■ YOUR OBJECTIVE
Only one stretch of the data below is wanted: the lines from the one with "1934. Хайфа. Арабы" through the one with "L SR778701 Oversized Sunglasses", repeated exactly.

(Items listed in a dataset)
↓↓↓

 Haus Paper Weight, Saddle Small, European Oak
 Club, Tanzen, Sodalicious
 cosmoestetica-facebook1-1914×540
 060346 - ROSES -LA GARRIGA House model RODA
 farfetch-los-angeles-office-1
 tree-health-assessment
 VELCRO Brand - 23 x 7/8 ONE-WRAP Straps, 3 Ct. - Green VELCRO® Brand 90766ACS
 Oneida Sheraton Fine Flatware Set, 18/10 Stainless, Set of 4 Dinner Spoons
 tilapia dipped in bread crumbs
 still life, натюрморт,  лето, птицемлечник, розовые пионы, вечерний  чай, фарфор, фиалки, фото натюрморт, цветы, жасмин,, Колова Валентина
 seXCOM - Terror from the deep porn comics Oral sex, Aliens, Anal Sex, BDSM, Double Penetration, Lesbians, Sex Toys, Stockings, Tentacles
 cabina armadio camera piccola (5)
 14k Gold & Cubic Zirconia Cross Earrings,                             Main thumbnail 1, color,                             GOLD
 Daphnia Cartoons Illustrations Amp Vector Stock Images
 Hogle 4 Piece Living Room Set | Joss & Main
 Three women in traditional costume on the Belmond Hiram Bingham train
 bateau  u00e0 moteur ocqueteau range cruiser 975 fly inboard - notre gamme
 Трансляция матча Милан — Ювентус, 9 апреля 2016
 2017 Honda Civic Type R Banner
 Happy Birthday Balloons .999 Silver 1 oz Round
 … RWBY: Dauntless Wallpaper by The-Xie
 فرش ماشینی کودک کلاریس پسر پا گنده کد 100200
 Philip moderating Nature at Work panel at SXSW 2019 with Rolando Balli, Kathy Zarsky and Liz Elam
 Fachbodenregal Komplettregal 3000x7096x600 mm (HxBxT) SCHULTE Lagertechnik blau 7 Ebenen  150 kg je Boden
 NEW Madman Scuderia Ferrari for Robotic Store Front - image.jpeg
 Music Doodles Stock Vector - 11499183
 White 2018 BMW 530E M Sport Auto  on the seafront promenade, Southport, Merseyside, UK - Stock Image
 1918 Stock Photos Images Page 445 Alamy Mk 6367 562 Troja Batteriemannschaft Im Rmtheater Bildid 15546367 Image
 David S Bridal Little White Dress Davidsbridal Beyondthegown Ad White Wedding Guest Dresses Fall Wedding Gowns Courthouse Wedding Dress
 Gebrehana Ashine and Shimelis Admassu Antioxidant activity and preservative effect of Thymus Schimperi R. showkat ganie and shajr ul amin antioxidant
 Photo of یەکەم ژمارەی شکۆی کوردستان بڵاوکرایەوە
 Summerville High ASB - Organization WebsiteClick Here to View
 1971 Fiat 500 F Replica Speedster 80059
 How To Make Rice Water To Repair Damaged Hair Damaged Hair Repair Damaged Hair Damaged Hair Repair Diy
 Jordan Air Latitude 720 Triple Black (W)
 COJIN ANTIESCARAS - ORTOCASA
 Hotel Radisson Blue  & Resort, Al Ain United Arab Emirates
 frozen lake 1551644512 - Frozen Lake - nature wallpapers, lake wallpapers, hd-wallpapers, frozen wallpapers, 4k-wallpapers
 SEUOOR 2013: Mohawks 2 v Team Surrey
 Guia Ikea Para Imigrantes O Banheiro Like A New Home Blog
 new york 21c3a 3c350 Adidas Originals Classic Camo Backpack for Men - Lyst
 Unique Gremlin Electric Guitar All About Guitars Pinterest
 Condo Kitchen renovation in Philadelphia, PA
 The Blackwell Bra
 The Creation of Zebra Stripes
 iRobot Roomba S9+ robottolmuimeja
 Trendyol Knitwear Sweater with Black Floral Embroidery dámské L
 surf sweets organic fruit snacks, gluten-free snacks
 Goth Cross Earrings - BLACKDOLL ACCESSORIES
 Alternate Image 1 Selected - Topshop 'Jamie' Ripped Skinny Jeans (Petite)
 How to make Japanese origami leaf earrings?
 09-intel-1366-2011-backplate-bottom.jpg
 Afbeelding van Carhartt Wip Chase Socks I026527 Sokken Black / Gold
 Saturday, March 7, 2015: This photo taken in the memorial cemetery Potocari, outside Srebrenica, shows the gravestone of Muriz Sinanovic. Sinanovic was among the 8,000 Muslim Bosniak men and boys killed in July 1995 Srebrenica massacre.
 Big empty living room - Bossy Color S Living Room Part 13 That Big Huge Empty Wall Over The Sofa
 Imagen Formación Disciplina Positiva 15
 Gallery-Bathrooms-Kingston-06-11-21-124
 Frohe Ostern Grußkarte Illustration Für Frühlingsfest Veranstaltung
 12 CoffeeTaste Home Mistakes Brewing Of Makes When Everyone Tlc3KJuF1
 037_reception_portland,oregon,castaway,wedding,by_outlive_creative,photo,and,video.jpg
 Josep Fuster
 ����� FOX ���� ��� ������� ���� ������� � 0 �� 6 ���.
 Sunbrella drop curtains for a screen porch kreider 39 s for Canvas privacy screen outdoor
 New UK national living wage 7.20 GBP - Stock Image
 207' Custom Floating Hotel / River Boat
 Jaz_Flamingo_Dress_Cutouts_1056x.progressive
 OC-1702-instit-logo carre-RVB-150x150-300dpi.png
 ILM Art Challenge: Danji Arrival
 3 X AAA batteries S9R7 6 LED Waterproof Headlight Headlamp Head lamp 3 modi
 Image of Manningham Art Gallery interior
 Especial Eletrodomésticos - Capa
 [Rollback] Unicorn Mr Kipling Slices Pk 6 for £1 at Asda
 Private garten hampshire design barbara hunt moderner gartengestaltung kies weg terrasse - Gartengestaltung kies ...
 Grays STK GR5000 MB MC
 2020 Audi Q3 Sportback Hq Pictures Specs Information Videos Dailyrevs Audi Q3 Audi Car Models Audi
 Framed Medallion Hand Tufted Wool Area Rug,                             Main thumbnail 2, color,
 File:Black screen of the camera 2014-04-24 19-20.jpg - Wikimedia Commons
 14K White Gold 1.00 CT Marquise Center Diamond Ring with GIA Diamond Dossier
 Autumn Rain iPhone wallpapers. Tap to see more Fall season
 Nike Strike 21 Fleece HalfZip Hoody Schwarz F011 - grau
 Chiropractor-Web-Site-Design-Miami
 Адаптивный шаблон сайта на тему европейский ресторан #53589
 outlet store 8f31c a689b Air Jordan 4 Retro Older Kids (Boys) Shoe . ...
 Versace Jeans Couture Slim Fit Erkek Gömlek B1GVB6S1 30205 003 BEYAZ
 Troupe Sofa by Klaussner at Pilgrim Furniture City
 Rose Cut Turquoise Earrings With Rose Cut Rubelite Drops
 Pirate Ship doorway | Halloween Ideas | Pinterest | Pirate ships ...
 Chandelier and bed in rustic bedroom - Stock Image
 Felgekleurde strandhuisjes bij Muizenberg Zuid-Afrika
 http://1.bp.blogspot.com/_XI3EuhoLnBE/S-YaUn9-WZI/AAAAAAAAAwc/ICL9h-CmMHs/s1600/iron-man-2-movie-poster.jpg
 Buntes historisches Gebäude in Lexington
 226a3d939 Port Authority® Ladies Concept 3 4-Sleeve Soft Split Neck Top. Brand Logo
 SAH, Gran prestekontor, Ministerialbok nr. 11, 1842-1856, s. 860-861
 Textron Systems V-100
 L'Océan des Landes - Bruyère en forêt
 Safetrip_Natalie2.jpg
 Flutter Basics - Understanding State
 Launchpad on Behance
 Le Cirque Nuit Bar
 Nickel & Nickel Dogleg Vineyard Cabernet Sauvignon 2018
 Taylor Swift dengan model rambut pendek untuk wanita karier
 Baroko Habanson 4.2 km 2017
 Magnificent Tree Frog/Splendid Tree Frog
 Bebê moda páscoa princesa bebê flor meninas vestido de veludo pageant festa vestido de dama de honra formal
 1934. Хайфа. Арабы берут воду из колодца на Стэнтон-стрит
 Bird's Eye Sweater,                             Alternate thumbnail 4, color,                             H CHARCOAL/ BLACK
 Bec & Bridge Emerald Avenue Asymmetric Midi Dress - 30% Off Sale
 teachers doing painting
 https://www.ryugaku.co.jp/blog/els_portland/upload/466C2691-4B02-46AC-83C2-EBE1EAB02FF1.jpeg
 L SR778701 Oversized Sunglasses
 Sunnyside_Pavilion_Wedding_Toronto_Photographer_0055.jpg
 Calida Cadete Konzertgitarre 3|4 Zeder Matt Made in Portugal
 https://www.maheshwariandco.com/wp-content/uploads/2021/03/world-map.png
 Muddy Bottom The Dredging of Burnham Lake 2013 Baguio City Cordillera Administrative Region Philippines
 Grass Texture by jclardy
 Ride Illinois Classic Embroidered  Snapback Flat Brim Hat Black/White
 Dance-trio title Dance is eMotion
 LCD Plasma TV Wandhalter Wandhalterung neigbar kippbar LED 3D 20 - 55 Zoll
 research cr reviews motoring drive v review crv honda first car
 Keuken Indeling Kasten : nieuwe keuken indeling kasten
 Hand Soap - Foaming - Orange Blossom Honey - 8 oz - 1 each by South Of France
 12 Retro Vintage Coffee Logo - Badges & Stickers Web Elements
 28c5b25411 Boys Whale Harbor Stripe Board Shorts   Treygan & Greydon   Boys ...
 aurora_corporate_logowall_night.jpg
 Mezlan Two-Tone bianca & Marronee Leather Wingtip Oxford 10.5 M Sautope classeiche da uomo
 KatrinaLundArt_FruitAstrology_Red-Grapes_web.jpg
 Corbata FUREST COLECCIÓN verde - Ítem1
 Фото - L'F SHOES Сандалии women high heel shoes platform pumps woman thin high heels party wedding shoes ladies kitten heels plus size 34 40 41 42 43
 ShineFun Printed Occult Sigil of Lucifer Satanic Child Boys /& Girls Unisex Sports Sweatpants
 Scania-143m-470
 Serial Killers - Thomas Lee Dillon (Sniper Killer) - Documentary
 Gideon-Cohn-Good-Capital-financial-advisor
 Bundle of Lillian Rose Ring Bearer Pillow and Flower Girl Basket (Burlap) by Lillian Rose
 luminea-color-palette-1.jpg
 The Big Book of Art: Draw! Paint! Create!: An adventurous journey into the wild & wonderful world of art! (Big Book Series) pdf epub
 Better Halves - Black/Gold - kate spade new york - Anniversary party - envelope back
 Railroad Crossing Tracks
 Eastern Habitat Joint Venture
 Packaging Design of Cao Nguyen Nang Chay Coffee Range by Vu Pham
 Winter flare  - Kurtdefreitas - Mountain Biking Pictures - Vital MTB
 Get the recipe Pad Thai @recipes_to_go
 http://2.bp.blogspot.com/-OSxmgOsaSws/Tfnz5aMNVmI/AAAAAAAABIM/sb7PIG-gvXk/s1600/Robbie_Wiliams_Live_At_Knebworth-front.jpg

↑↑↑

■ RESULT OF THIS TASK
 1934. Хайфа. Арабы берут воду из колодца на Стэнтон-стрит
 Bird's Eye Sweater,                             Alternate thumbnail 4, color,                             H CHARCOAL/ BLACK
 Bec & Bridge Emerald Avenue Asymmetric Midi Dress - 30% Off Sale
 teachers doing painting
 https://www.ryugaku.co.jp/blog/els_portland/upload/466C2691-4B02-46AC-83C2-EBE1EAB02FF1.jpeg
 L SR778701 Oversized Sunglasses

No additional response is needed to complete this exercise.